Is this what augmentation feels like? he wondered, but it couldn’t be. He hadn’t even taken Cognital for weeks.
He was seeing things more clearly now, though, no doubt about it. Faces in the clouds. Patterns that made his brain itch. Rakshi would have been proud.
Even Valerie seemed to be.
Her visits, once rare, had become more frequent. The first time she’d been a shadow with a face, there and gone so quickly that Brüks had written her off as a posttraumatic flashback. But she’d returned six nights later, and two nights after that—and then she had stayed, lurking just beyond the campfire, twin spots of eyeshine hovering in the darkness.
At first he’d thought she was toying with him again, getting her usual sadistic kicks out of scaring prey. But then he remembered that she wasn’t like that after all, and she obviously didn’t want him dead; the fact that he was alive was all the proof he needed.

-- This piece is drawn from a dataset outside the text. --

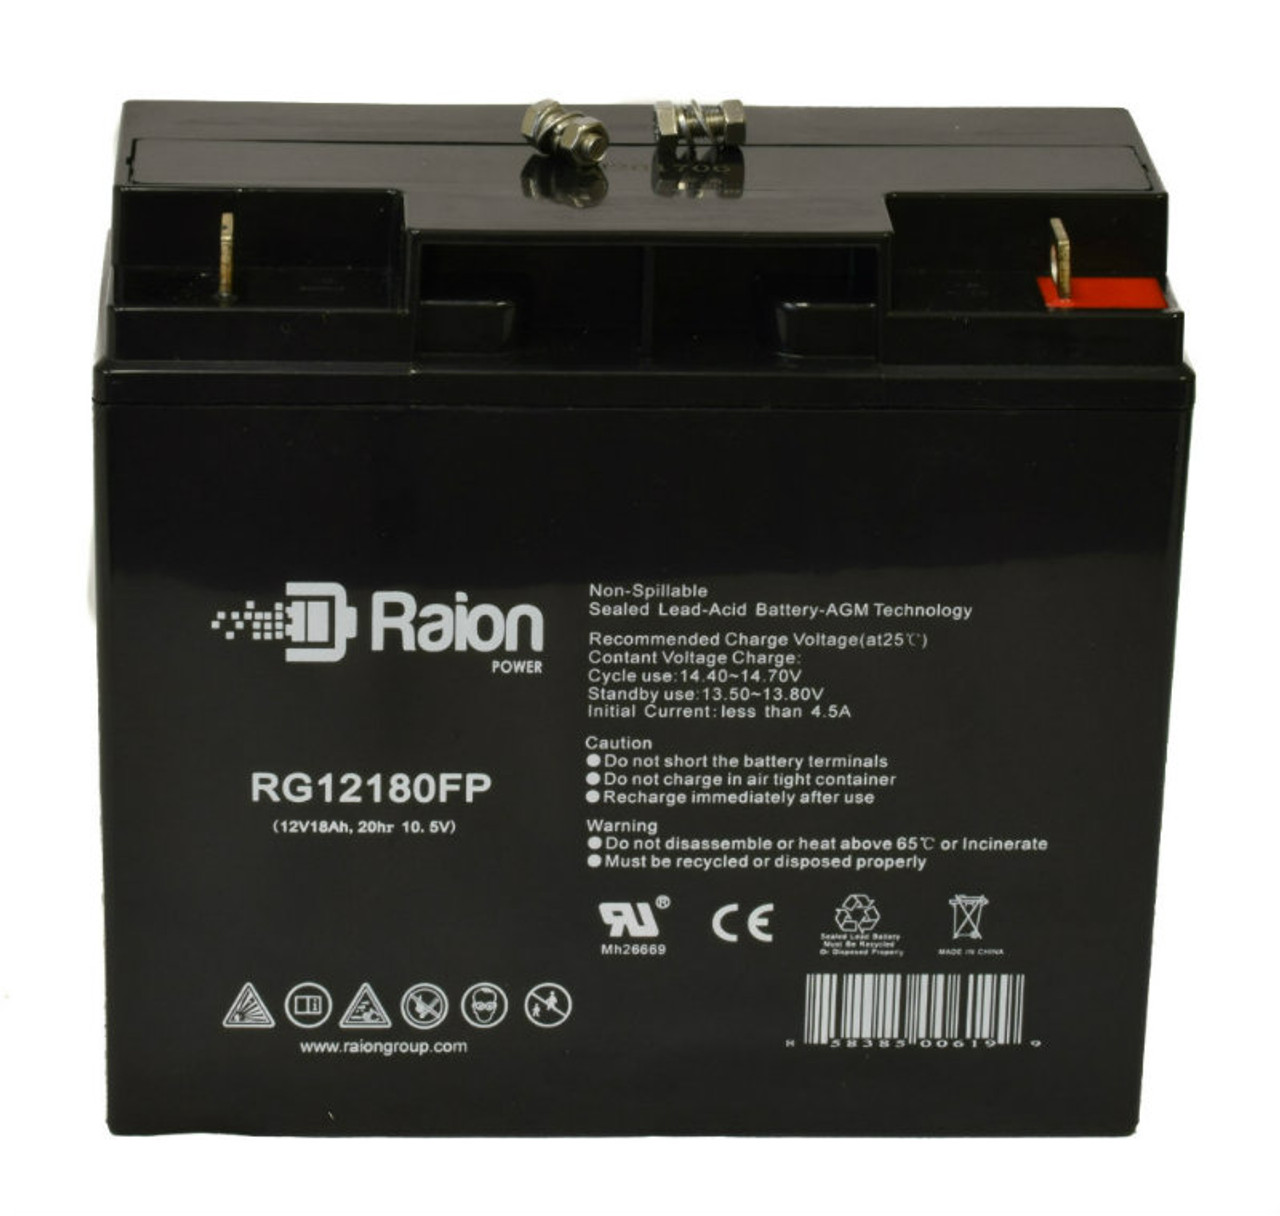 Raion Power RG12180FP 12V 18Ah Lead Acid Battery for Narco Savina XL-External

One night he’d shouted a challenge into the darkness—“Hey! Don’t you ever get bored playing the Monster Card?”—and she’d stepped into the light: hands spreads, lips sealed, watching him watching her. She’d left a few minutes later but by then he’d realized what she was doing. She was an anthropologist, incrementally acclimating some primitive tribesman to her presence. She was a primatologist of days past, easing her way into a doomed colony of bonobos: one last behavioral study before the species checked out for good.
Sometimes now she sat across the fire and asked him riddles, like some demonic inquisitor assessing his fitness to survive another night: questions about traveling salesmen or Hamiltonian circuits. He’d been terrified at first: afraid to answer, afraid not to, convinced somehow that whatever Valerie’s interest in keeping him alive, it could end in an instant with the wrong response. He had done his best, and knew that it wasn’t good enough—what did he know about bin packing or polynomial time, how could any mortal keep up with a vampire?—but she hadn’t killed him yet. She had not turned him back to stone with a few words. She no longer drummed out strange tattoos with her fingertips or left mind-altering hieroglyphics scratched into the sand. They were beyond that now.